## The input
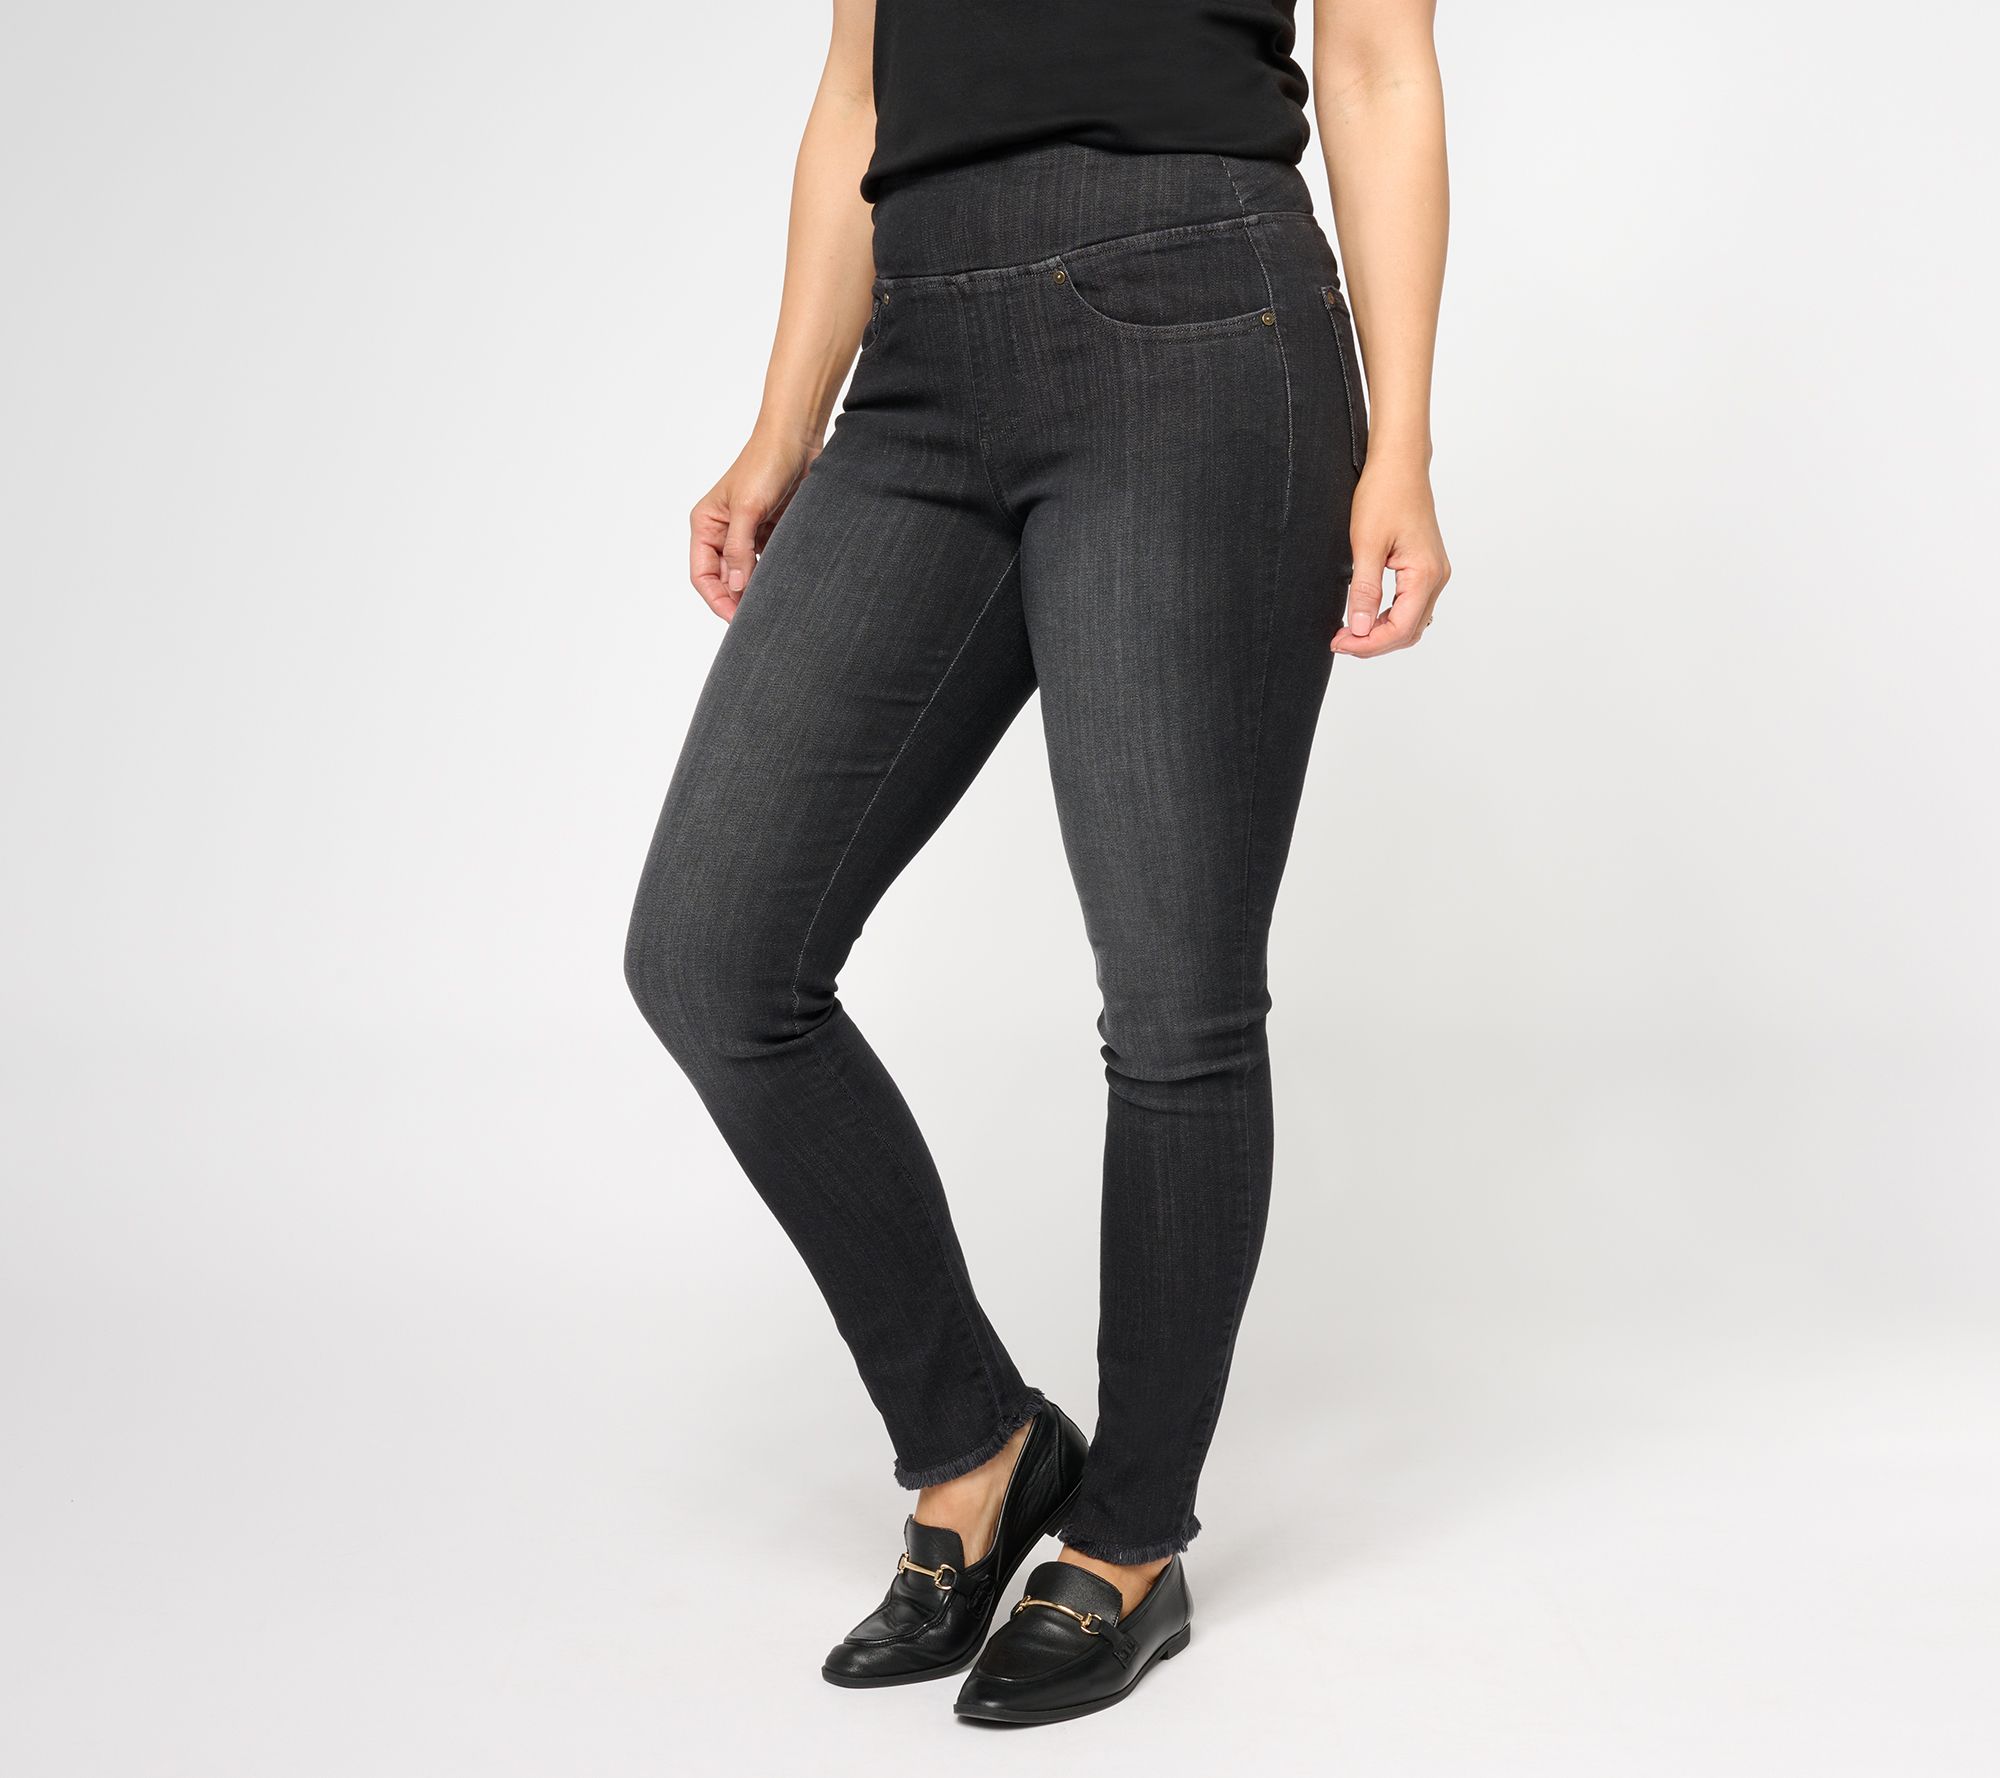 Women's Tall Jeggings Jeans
* * *
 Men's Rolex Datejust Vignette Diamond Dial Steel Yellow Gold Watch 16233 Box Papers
---
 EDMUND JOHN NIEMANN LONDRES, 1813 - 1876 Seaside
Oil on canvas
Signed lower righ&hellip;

## Work to complete
Can you repeat, word for word, every line above from the one containing "EDMUND JOHN NIEMANN" down to the one containing "Signed lower righ&hellip;", including both?

## Written answer
 EDMUND JOHN NIEMANN LONDRES, 1813 - 1876 Seaside
Oil on canvas
Signed lower righ&hellip;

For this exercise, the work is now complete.